U gebruikt een verouderde browser. DNB.nl werkt het beste met:

Tijdelijke regeling voor toeslagen in 2023 vanwege voorgenomen transitie

Factsheet

Een pensioenfonds kan een voorwaardelijke toeslag verlenen indien aan bepaalde wettelijke eisen is voldaan. In artikel 137 van de Pensioenwet (Pw) en artikel 15 van het Besluit financieel toetsingskader (Besluit FTK) pensioenfondsen is geregeld wanneer en in welke mate pensioenfondsen een voorwaardelijke toeslag kunnen verlenen, de zogenoemde toekomstbestendige toeslagverlening. Zie hiervoor het factsheet ‘toeslag ofwel indexatie’.

Gepubliceerd: 15 juli 2022

Bekijk eerdere versies in het archief

Mede naar aanleiding van het verzetten van de beoogde inwerkingtreding van de Wet toekomst pensioenen (Wtp), waaronder het transitie-ftk was al eerder een tijdelijke regeling voor toeslagverlening ingevoerd in artikel 15c Besluit FTK. Deze indexatie AMvB wordt nu verlengd tot eind 2023. Op basis van deze tijdelijke regeling, de ‘Indexatie AMvB’, kunnen pensioenfondsen, als ze daarvoor kiezen, onder voorwaarden afwijken van de bestaande regels van de toekomstbestendige toeslagverlening vooruitlopend op de transitie naar de beoogde Wtp.

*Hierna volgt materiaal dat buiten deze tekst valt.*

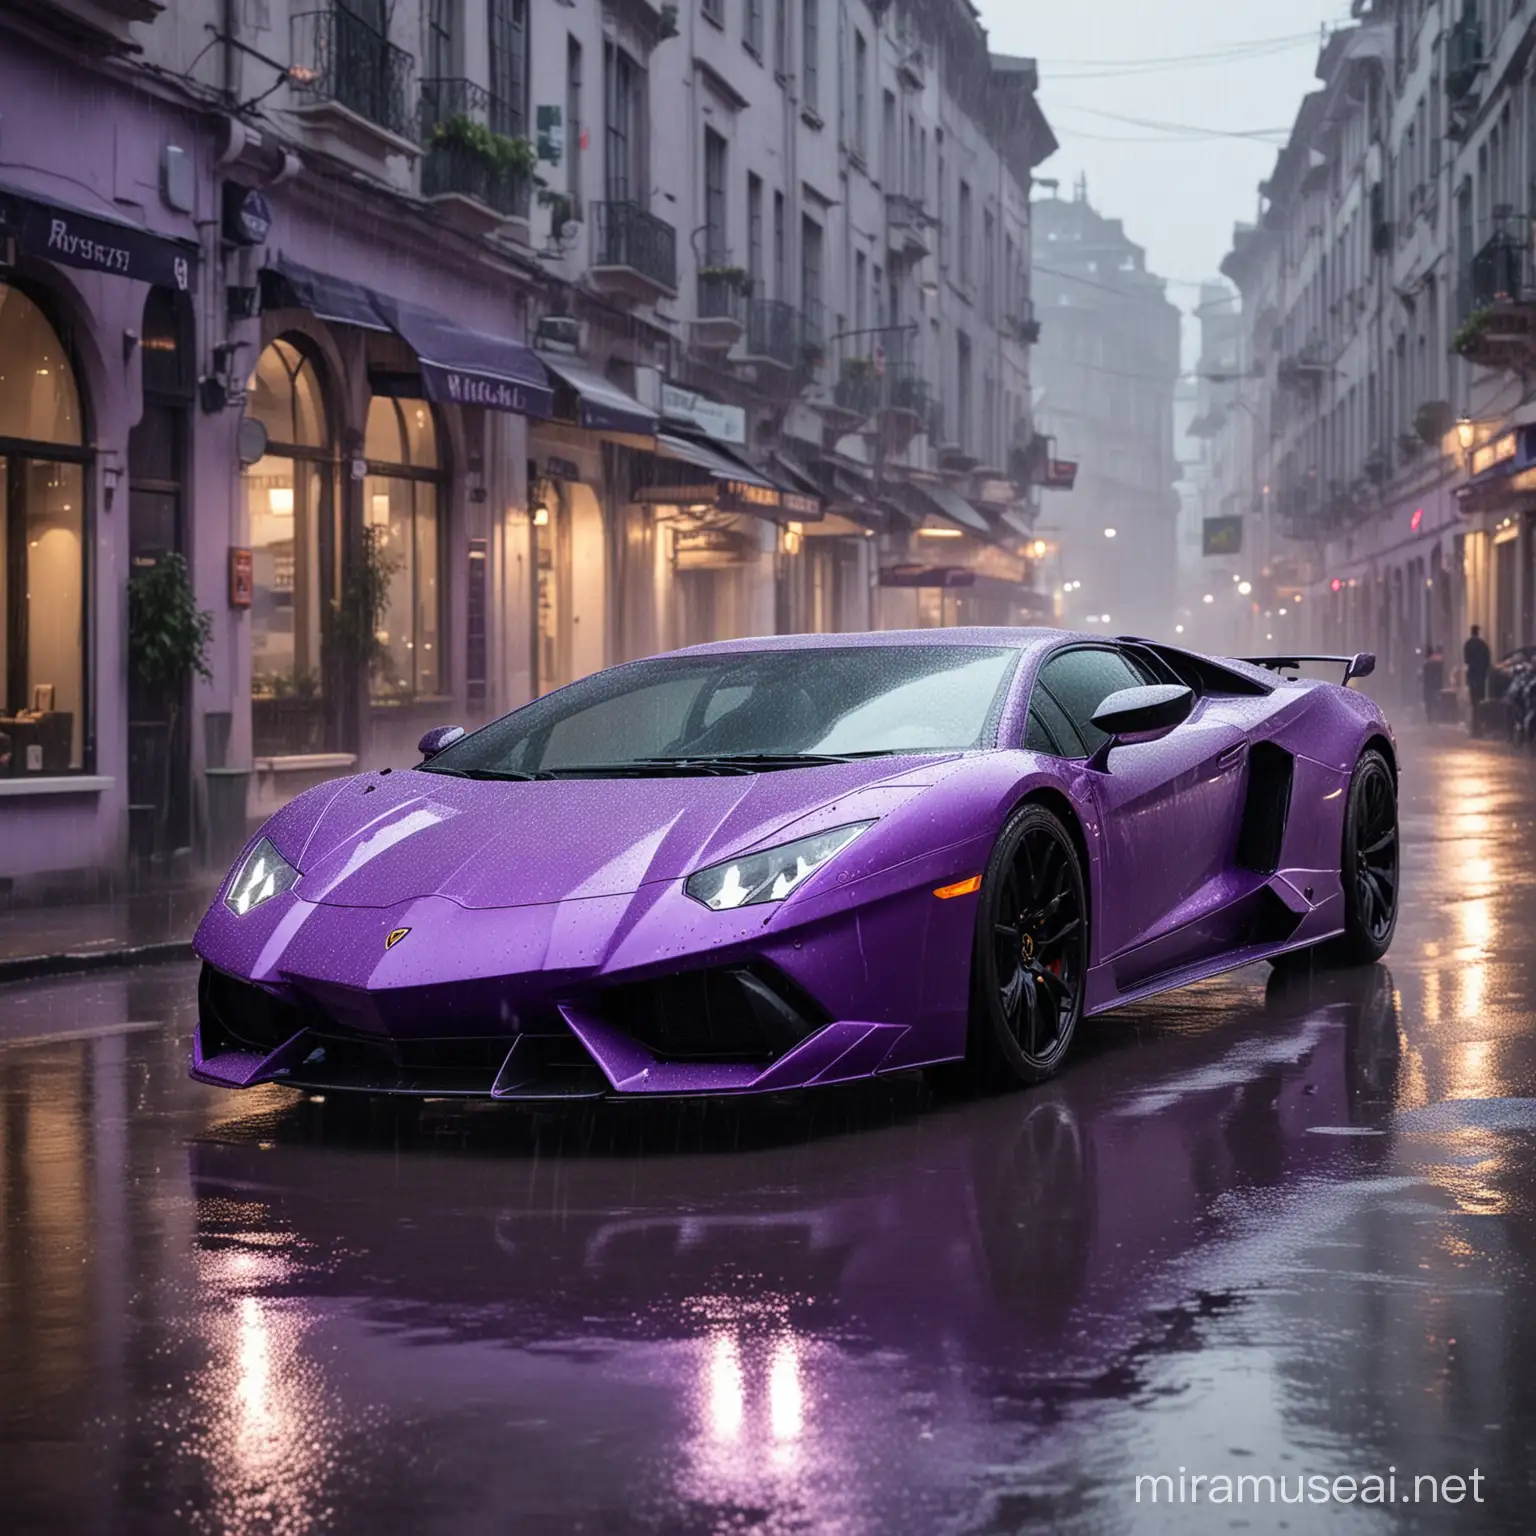 Sleek Purple Lamborghini Speeding Through Rainy Urban Streets
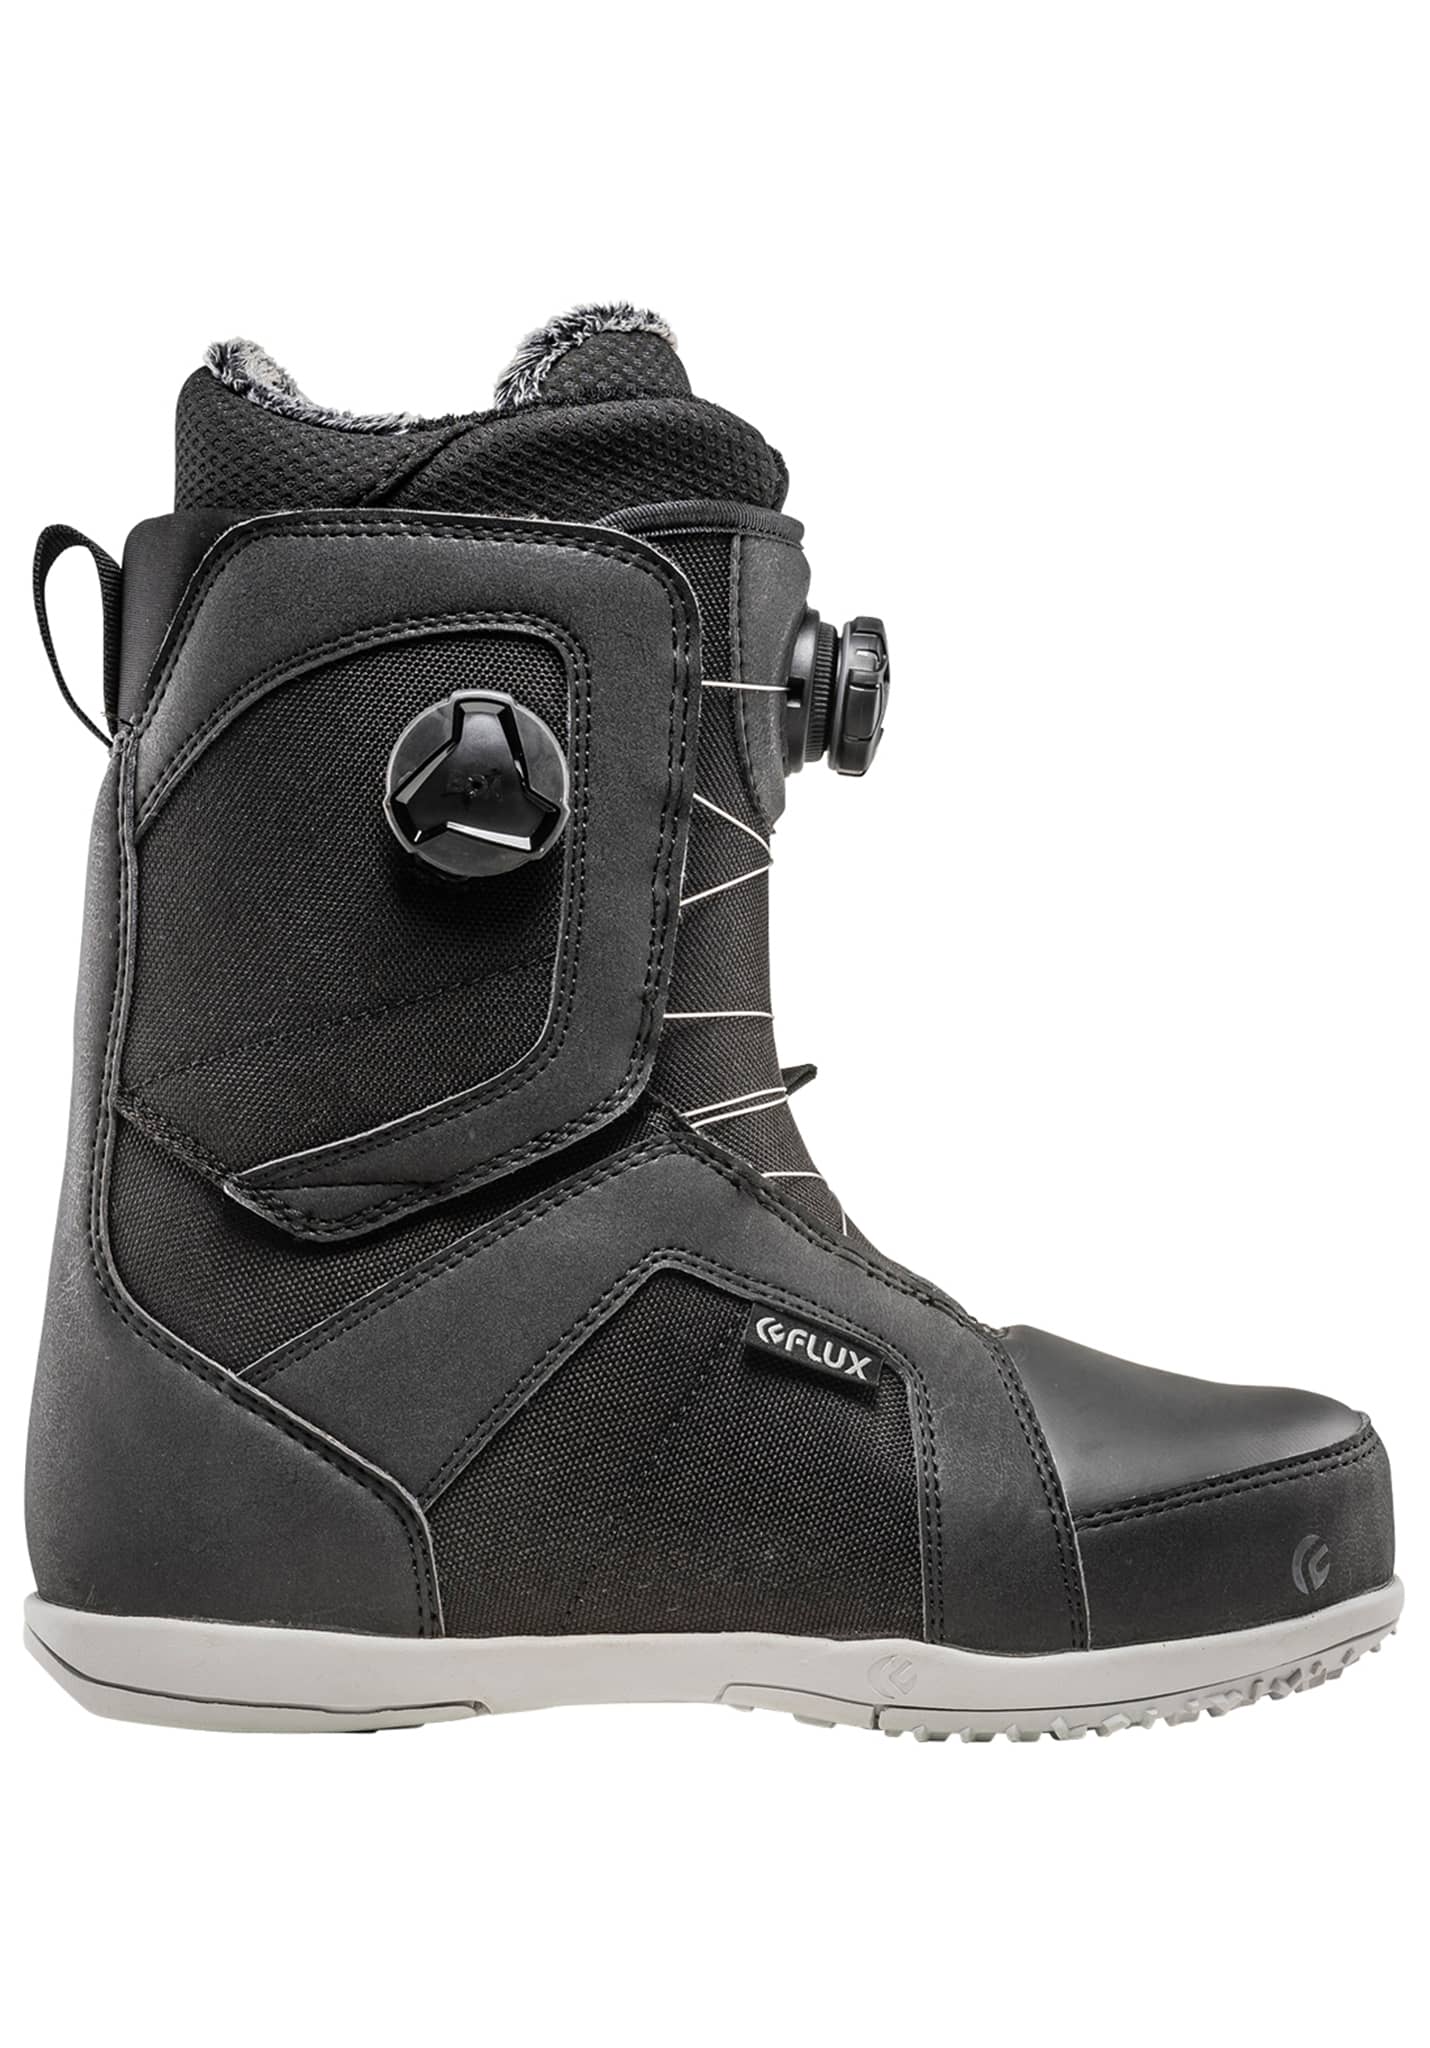 Flux TX-Boa All Mountain Snowboard Boots black 43

Pensioenfondsen zijn niet verplicht gebruik te maken van deze tijdelijke regelgeving. De toelichting bij de tijdelijke regeling geeft aan dat het aan het pensioenfonds is om te bezien of het gebruik past in een evenwichtige besluitvorming met betrekking tot toeslagverlening, vooruitlopend op de transitie naar een nieuw pensioenstelsel. Het kan bijvoorbeeld zijn dat deze transitie bemoeilijkt wordt door extra toeslagverlening.

Bij gebruik van deze tijdelijke regeling kan het gaan om toeslagverlening in 2023 of 2024, bepalend is dat het besluit over de toeslagverlening vóór 1 januari 2024 wordt genomen.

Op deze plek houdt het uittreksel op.